В этом отношении московские и петербургские государи подражали византийским, но впоследствии пошли гораздо дальше них. Весьма показательна эволюция способа, которым причащался царь. Как отмечает Б.А. Успенский39, изначально государи причащались в алтаре и непосредственно после патриарха, что объединяет их со священством. Вместе с тем Причастие преподавалось им, как и прочим мирянам, из чаши, т.е. под двумя видами вместе. Думаю, что именно такой чин верно отражает симфоническую идею: государь обладает в Церкви совершенно особыми полномочиями и особой честью, сравнимыми только с патриаршими, и это кардинально отличает его от всех прочих мирян и в определенном смысле снова возносит над епископатом и священством – но при всем том он остается мирянином. Отмечу, что причащение мирян в алтаре – случай довольно редкий, но отнюдь не неизвестный Русской Православной Церкви и в наши дни. Можно полагать, что для царей постоянным стало такое исключение из обычных правил. В то же время мне неизвестно, чтобы мирян причащали отдельно Тела и Крови, как причащается священство.

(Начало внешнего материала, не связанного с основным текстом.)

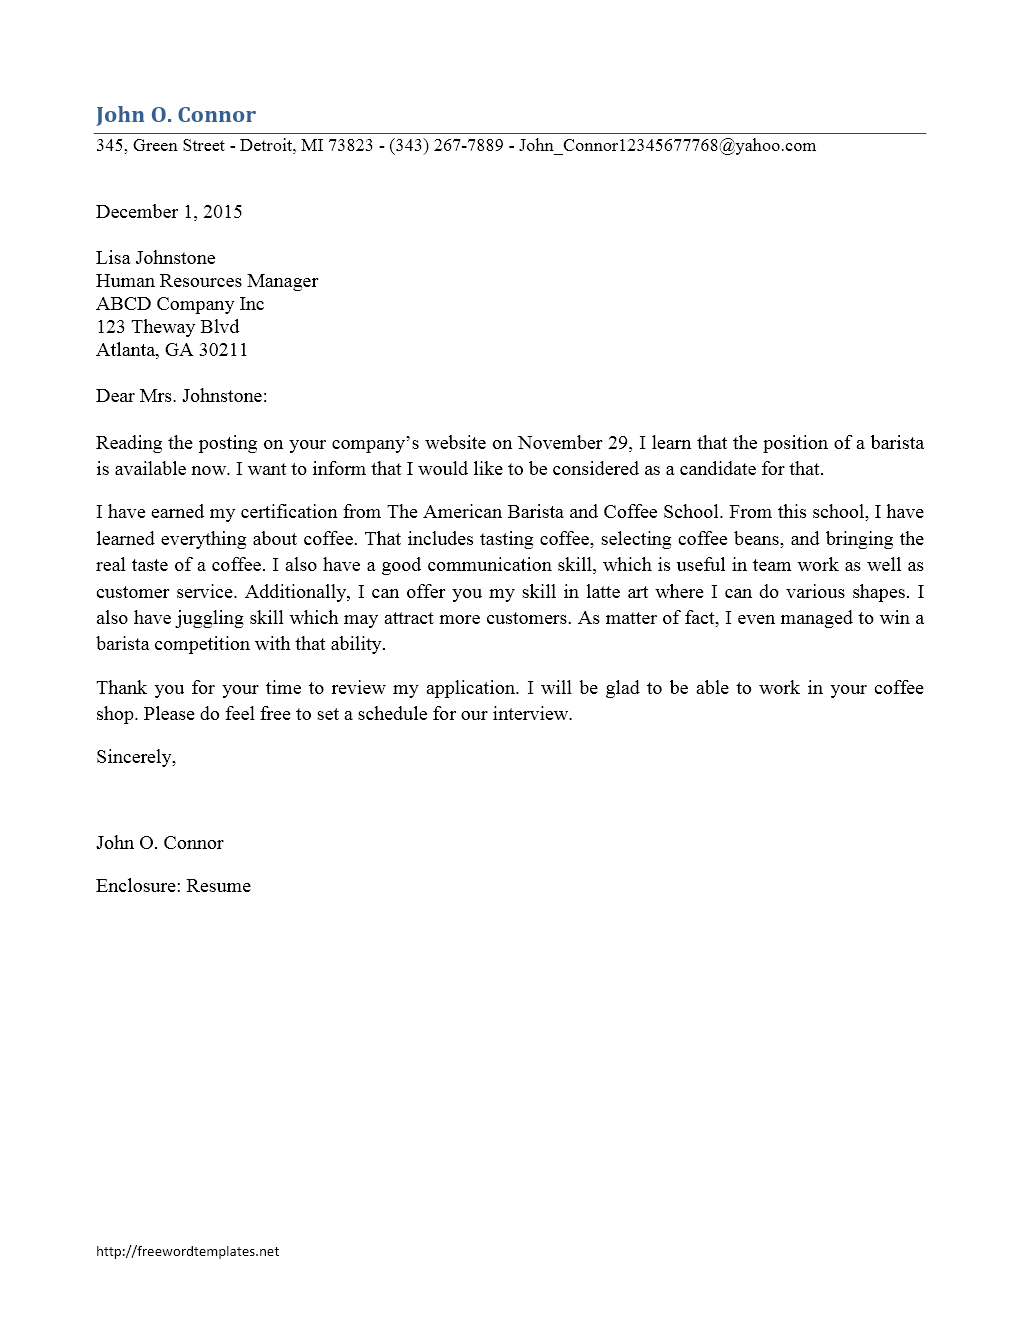 Cover Letter Template Barista

Но со второй половины XVII в. цари начинают причащаться именно так, в соответствии с поздневизантийской практикой. И здесь, как мне представляется, богослужебная практика чутко отразила преувеличение роли государя в Церкви. Апогея этот процесс достиг в царствование Павла I, который в присутствии высших архиереев причащал себя самостоятельно40, но при этом почему-то как мирянина, т.е. Тела и Крови вместе. Во всяком случае характерно, что Павел не видел среди иерархов никого, кто мог бы преподать ему Таинство, и, похоже, не признавал, что в Церкви кто-то стоит выше него.

Весьма показательным было в этом смысле венчание Павла I на царство. Вот каким образом произошло возложение короны41: «Посем ЕГО ИМПЕРАТОРСКОЕ ВЕЛИЧЕСТВО соизволил указать подать Императорскую корону, которую Действительный Тайный Советник перваго класса Граф Безбородко подал Митрополитам, а они поднесли ЕГО ВЕЛИЧЕСТВУ на подушке. Ту корону ЕГО ИМПЕРАТОРСКОЕ ВЕЛИЧЕСТВО приняв с подушки, изволил возложить на Свою Главу, с произношением от Митрополита Новгородского молитвы: Во имя Отца, и Сына, и Святаго Духа, аминь». В этом действии безымянным митрополитам отводится одна роль: передать из рук в руки корону, сопроводив действие подобающей молитвой, тогда как главные действующие лица здесь, безусловно, Государь и граф Безбородко, упомянутый не только по имени, но и с полной титулатурой (в отличие от “митрополитов”). Первенствующие иерархи делают по отношению к царю то, что по отношению к ним самим делает алтарник, вовремя подающий нужные для богослужения предметы, или диакон, возглашающий соответственные молитвы. Как непохоже это на Византию!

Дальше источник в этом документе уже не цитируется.